Co: 0.30% or less, and Bi: 0.010% or less,
It contains one or more selected from
The steel material according to (1) above.

(3) The chemical composition is, in mass%, instead of a part of the Fe.
Nb: 0.10% or less,
V: 0.10% or less,
Zr: 0.050% or less,
Ta: 0.050% or less, and B: 0.010% or less,
It contains one or more selected from
The steel material according to (1) or (2) above.

(4) The chemical composition is, in mass%, instead of a part of the Fe.
Ca: 0.010% or less,
Mg: 0.010% or less, and REM: 0.010% or less,
It contains one or more selected from
The steel material according to any one of (1) to (3) above.

According to the present invention, it is possible to provide a steel material having corrosion resistance in an acid-corroded environment and excellent in both hot workability and weldability.

As a result of detailed investigation of the corrosion resistance, hot workability, and weldability of the steel material in order to solve the above-mentioned problems, the present inventors have obtained the following findings.

When the cause of corrosion occurring in the corrosion-resistant steel containing Cu, Sb, and Cr was examined, it was found that the starting point was oxides and inclusions formed on the surface of the steel material. Therefore, first, in order to suppress the formation of oxides, it is important to set Al / O, which is a ratio based on the mass of the Al content and the O content, to 3.0 to 35.0. I got the knowledge.

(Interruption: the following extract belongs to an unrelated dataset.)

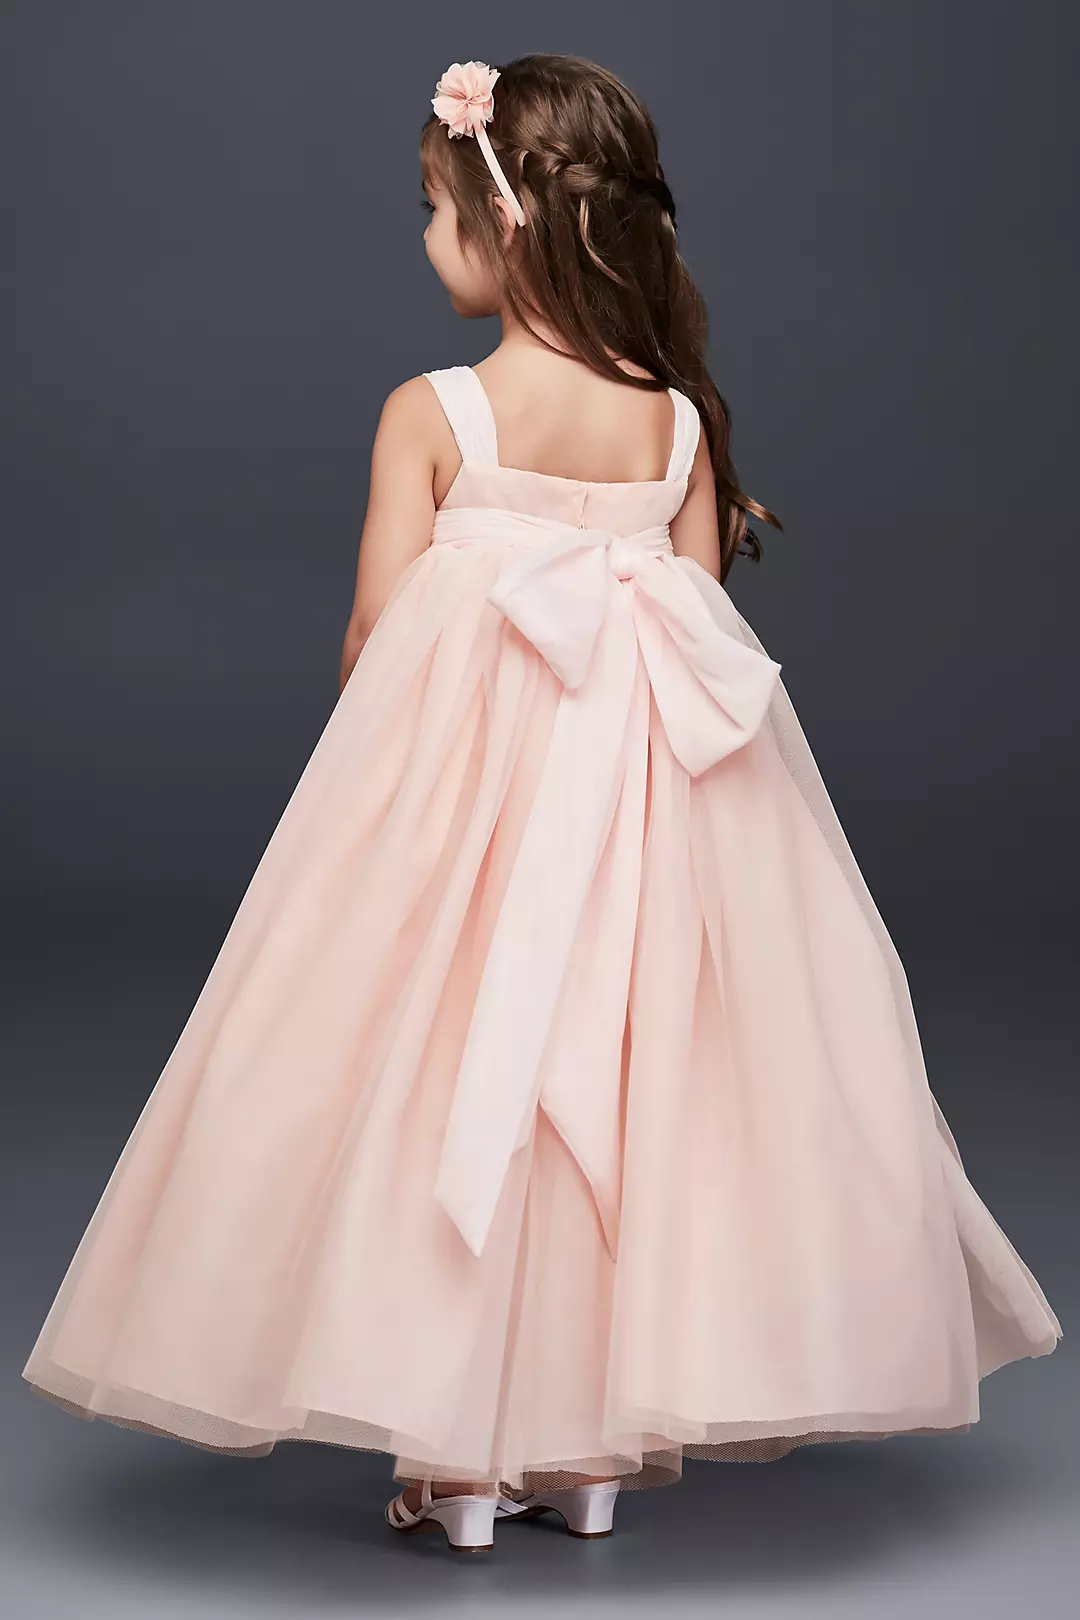 Tulle Flower Girl Dress with 3D Floral Bodice Image 2

In addition, the formation of inclusions can be suppressed by reducing the S content. However, it was found that when Cu and S were contained at the same time, a poorly soluble film of CuS was formed on the surface of the steel material, and the corrosion resistance of the steel material was improved more than expected. That is, the balance of the contents of Cu and S is important, and by setting the value of the acid corrosion resistance index CI = (Cu / 64) / (S / 32) to 4.0 to 30.0, the surface of the steel sheet While forming a CuS film, it is possible to suppress the formation of inclusions that are likely to be the starting point of corrosion.

On the other hand, although Cu is effective in corrosion resistance, it causes surface red-hot brittleness, and Cu exceeding the solid solution limit in steel segregates at the grain boundaries and the surface of the ground iron, causing surface cracking. Therefore, as a result of repeated studies on the content of Cu, Cu and Ni were contained at the same time, and the value of the red heat embrittlement index DI = (Cu / 64) / (Ni / 59) was set to 0.96 to 3.00. By doing so, it was clarified that surface cracking can be suppressed and stable hot workability can be maintained while maintaining corrosion resistance.

Further, in order to satisfy the above conditions and obtain a steel material having excellent weldability, it is important to set the carbon equivalent Ceq = C + Mn / 6 + (Cu + Ni) / 5+ (Cr + Mo + V) / 15 to 0.180 to 0.380. I found that.

The present invention has been made based on the above findings. Hereinafter, each requirement of the present invention will be described in detail.

(A) Chemical composition The reasons for limiting each element are as follows. In the following description, "%" for the content means "mass%".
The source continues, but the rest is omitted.